As this is an observational study the risk of adverse events due to
participation in this study is negligible. Burden for study participants
involves filling out questionnaires and logs, conducting Psychomotor Vigilance
Task tests, wearing light and activity measuring devices for the duration of
the study, and biological sampling. Slight inconvenience for the subjects is
expected resulting from wearing devices. Subjects will wear an actigraphy
device, day and night for two days in a row (four days in total for control
subjects and six days in total for night workers), in order to measure sleep,
movement and activity levels. Furthermore, at the same time, they will wear a
UV-sensitive light sensor to record UV and light intensity received by a
participant. At baseline the participants have to fill in an extensive
questionnaire and during the measurement period of two times two days they will
also keep a short daily log about their work schedule, sleep and health
behavior. On the days we collect blood samples (two times in total for control
subjects and three times in total for night workers), we will ask them to fill
out a nutritional log as well. This might take some time during work and might
therefore be inconvenient as well. Finally, 24-hr urine, feces, hair, and a
blood sample (4 tubes, 21 ml in total) will be collected from the subject.

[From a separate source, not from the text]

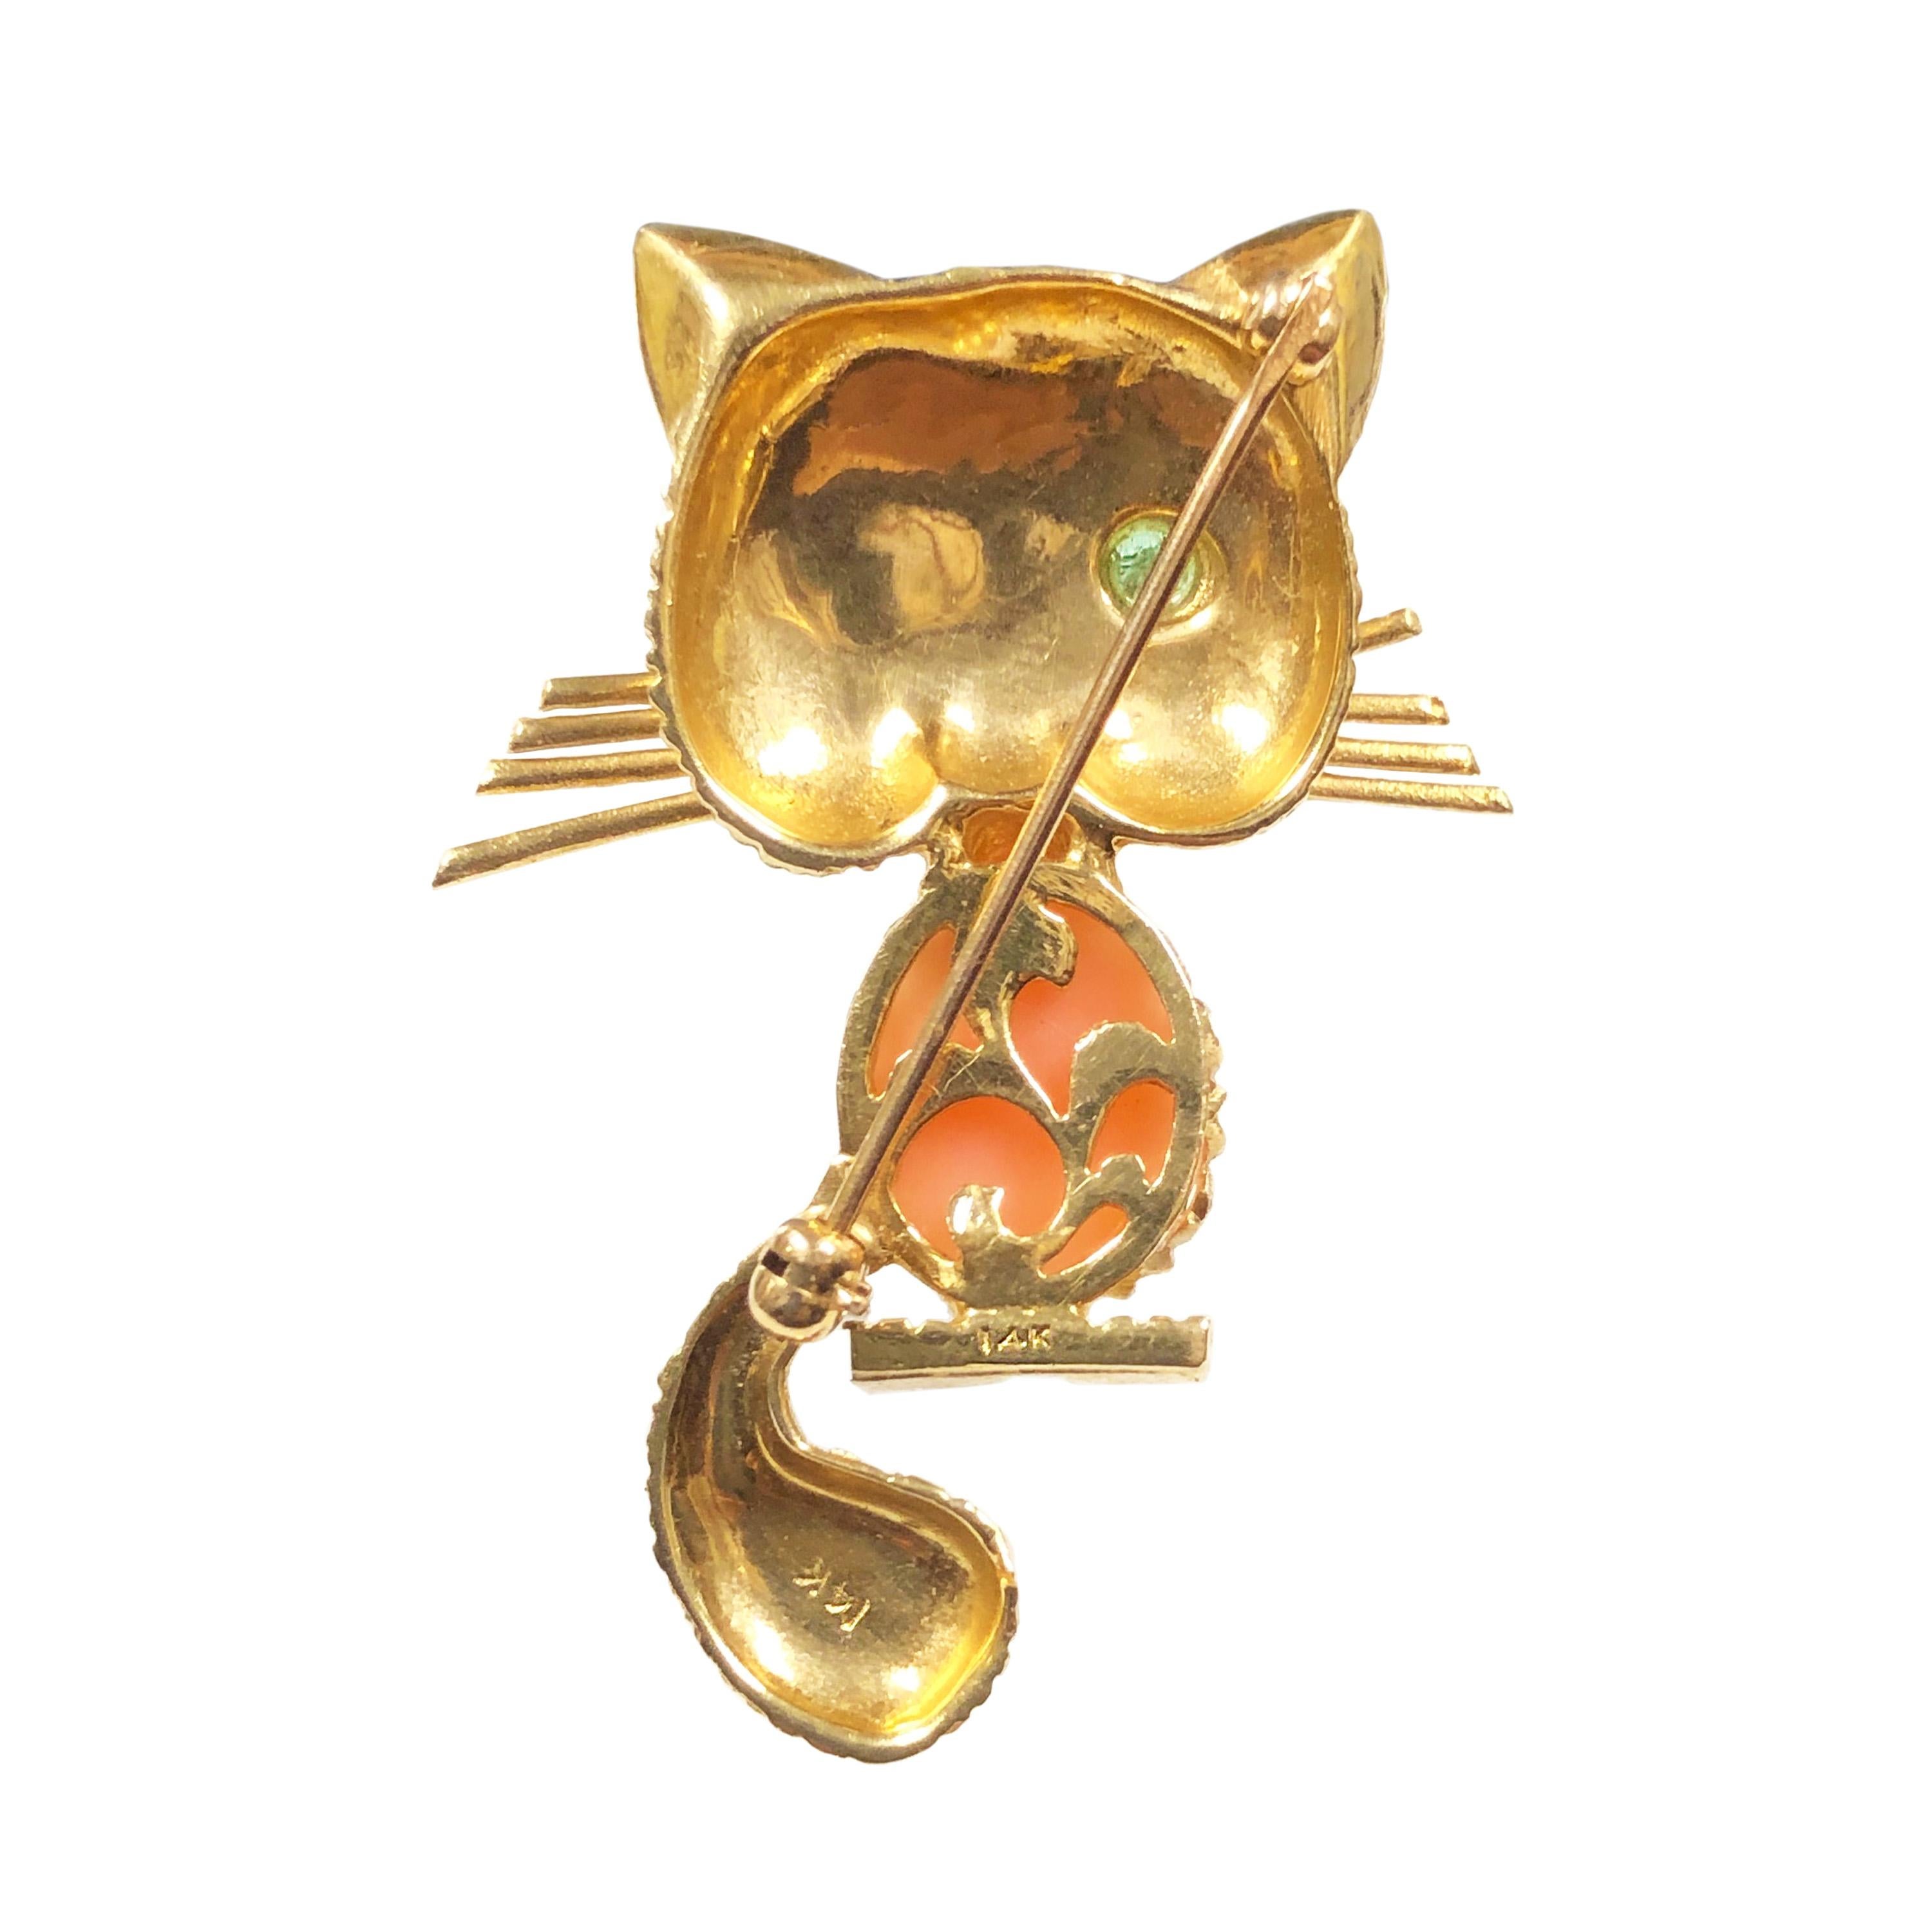 Circa 1960s copy of the famous VCA winking Kitty Brooch, 14k Yellow Gold and measuring 1 3/4 inches in length x 1 1/8 inch wide, centrally set with a Coral and an Emerald in the Eye. Nicely detailed and looks exactly like the Van Cleef counterpart.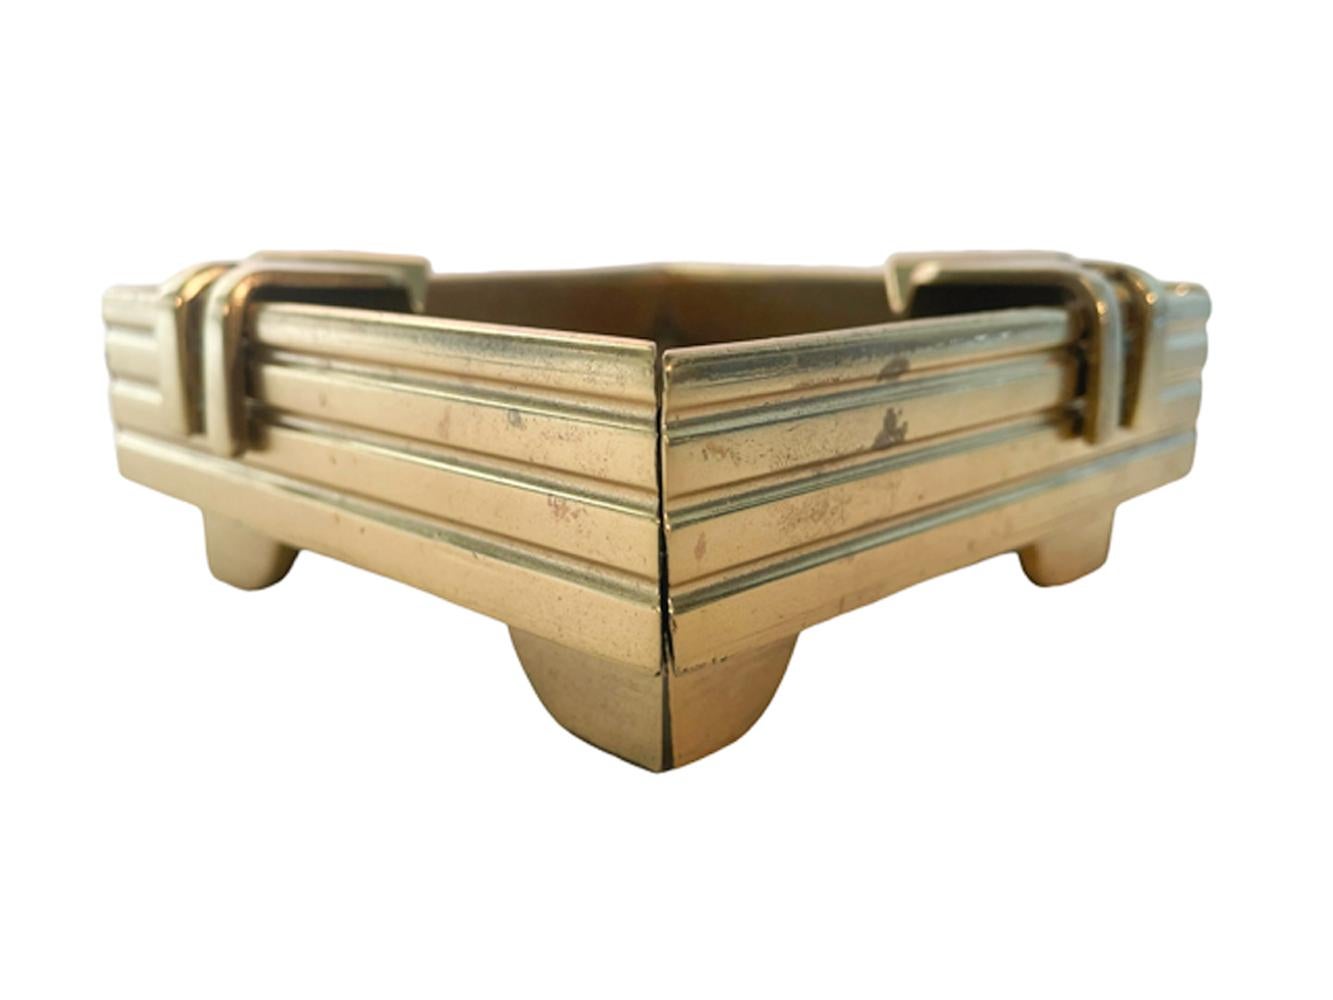 Square bronze ashtray of architectural form with mitered corners and nickel rivets. The square bowl with ribbed sides raised on inset feet, two cigar rests clip onto opposing corners. The modernist style of this piece suggests Bauhaus architecture

Subjects might experience discomfort due to the collection of biological
samples. Collecting blood may provoke a hematoma which usually disappears fast.
Also the collection of hair might cause reluctant reactions, though this does
not lead to any health risk for the participant. Collecting feces and 24-hour
urine might make participants uncomfortable. In order to make the study more
feasible, the biomarkers are divided in primary and secondary biomarkers.
Primary biomarkers are of high priority, and crucial to answering the main
question of the study. Willingness to participate in these measurements are
part of the inclusion criteria of the study. Secondary biomarkers are needed to
answer additional research questions and of less priority. In total the contact
duration between the researchers and the participants regarding the entire
study will be approximately 1.5 hours.

The participants have no direct benefit from participating in the CLOCK WORK
study. This research can provide useful information for society. It can give a
better understanding of the potential adverse effects of night work on humans.
Desired, participants will receive a personal report with the most important
and interpretable outcome measures. The report will provide data on
chronobiology (day / night rhythm), blood pressure, cholesterol, glucose, sleep
outcomes, BMI, and complete blood counts. DNA measurements in blood are not in
this report, since the measured values only have meaning at group level.
However, after the entire research project is finished, the participants will
receive a report of the main results of the study. If test results from this
study suggest a health hazard for the participant, we will report to the
participant (if desired). If
the participant wishes, we will also tell her doctor about this test results.